Taken together, these results mirror larger cohort studies indicating that Aβ+ preclinical AD patients show a greater longitudinal rate of decline in episodic memory than Aβ− CN older adults [30,31,32,33], lending credence to the validity of the SCT as a viable screening tool for preclinical AD. The fact that SCT-related longitudinal cognitive changes were more pronounced in CN, Aβ+ participants could indicate that amyloidosis and cholinergic neurotransmission are either directly or indirectly related in the earliest AD disease stages, and that this relationship persists over at least 27 months.

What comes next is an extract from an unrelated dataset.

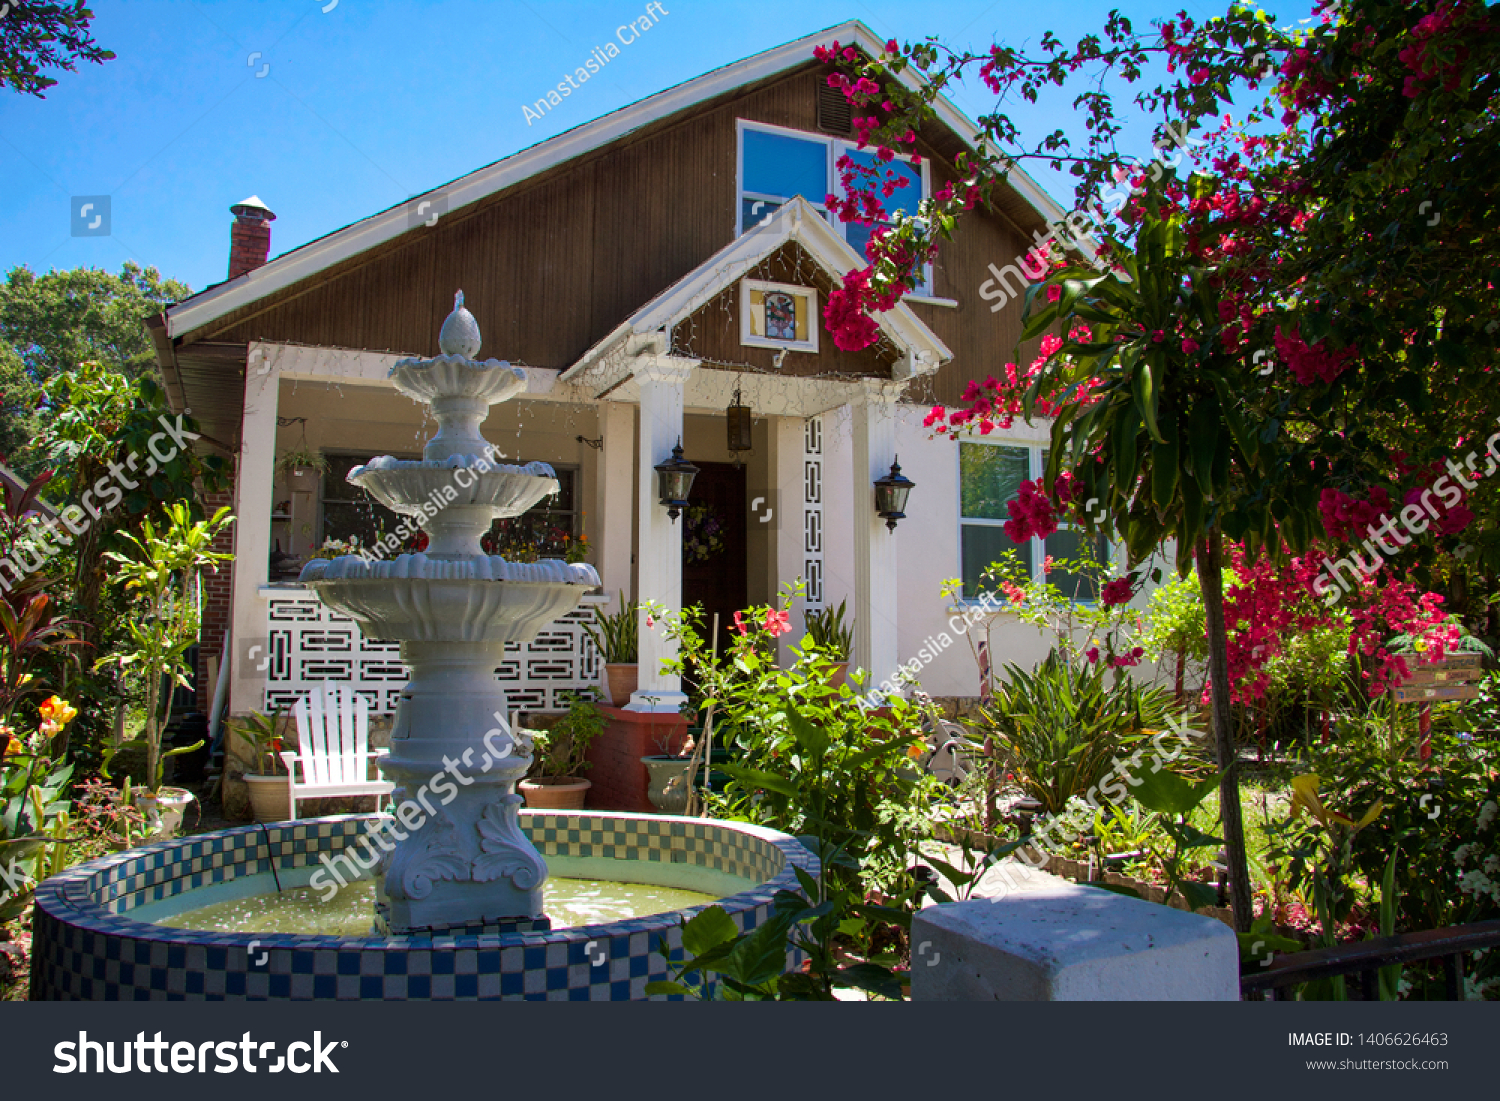 stock-photo-st-petersburg-florida-america-may-fountain-house-and-red-flowers-in-downtown-1406626463

The absence of cognitive decline in cognitively normal older adults over time in this study is expected and has been shown in larger cohort studies (cf. [33]). However, participants who passed the SCT at baseline showed reliable practice effects on the ISLT over the 27-month period, whereas those who failed the SCT at baseline did not demonstrate expected practice effects. That is, those who failed the SCT generally did not show reliable improvements in cognitive performance as a result of benefitting from repeated exposures to the cognitive test. The absence of this effect within the SCT− group corresponds to literature demonstrating a lack of practice effects in episodic memory tasks in those with preclinical AD [34, 35]. Our data support the hypothesis that lack of practice effects on an episodic memory test could indicate a preclinical AD state in cognitively normal older adults.

Looking more closely at the SCT fail group, participants who were Aβ+ at baseline performed consistently worse than those who failed the SCT and were Aβ− at all time points on an episodic memory test (see Fig. 2), supporting other studies that have shown a reduced episodic memory performance in Aβ+ vs. Aβ− over time [32].

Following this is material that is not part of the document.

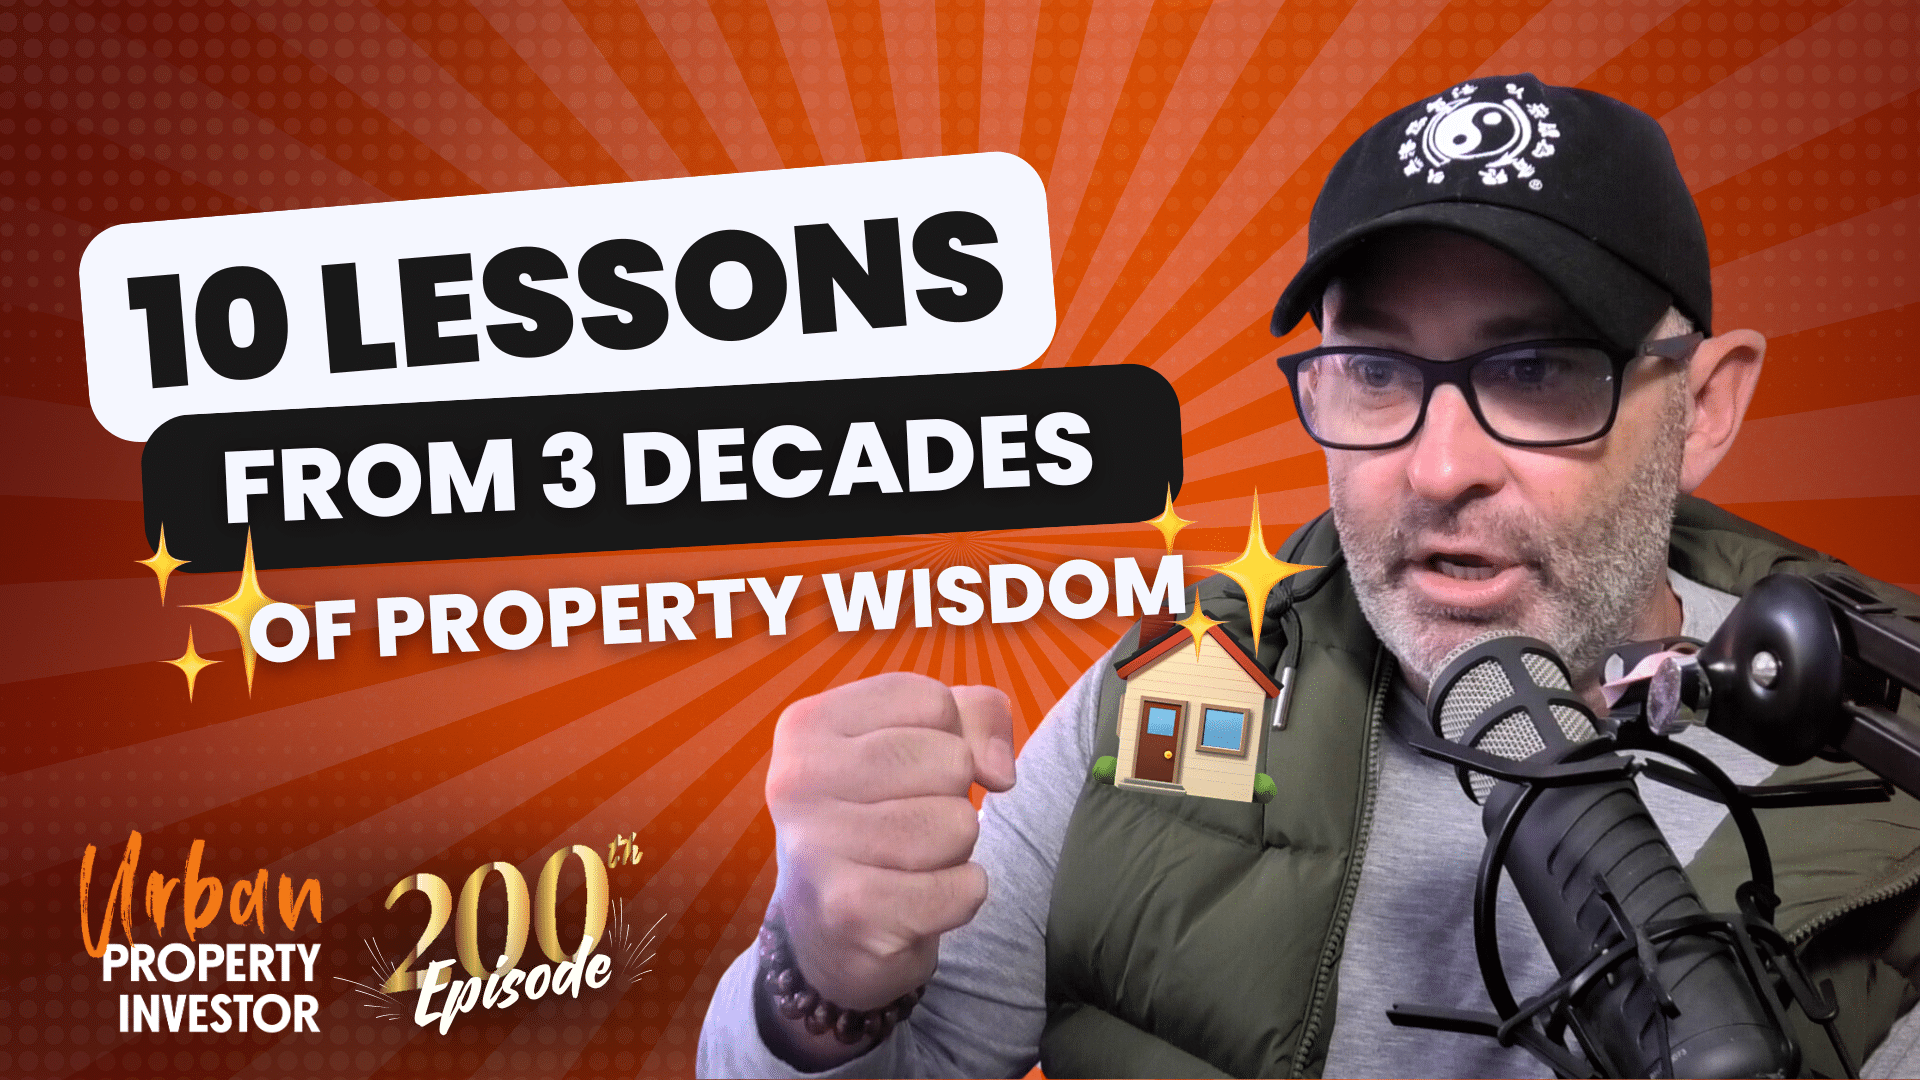 10 Lessons from 3 Decades of Property Wisdom

Notably, there were a few individuals in this study who failed the SCT at baseline, but remained Aβ− after a 27-month follow-up period. Importantly, our analyses found that regardless of Aβ PET status, participants who failed the SCT experienced increased cognitive decline over the same follow-up period. These individuals could be experiencing cholinergic disturbance due to non-AD related pathology. Alternatively, cholinergic disturbance is one of the earliest symptoms in the AD pathophysiologic cascade, and these individuals could be particularly susceptible to cholinergic disturbance due to epigenetic, demographic, and other relevant risk factors [36,37,38,39]. We suspect, with longer follow-up, these individuals may convert to Aβ+, although further research is required to define the pathophysiologic relationship between amyloid and cholinergic dysfunction in the earliest stages of AD.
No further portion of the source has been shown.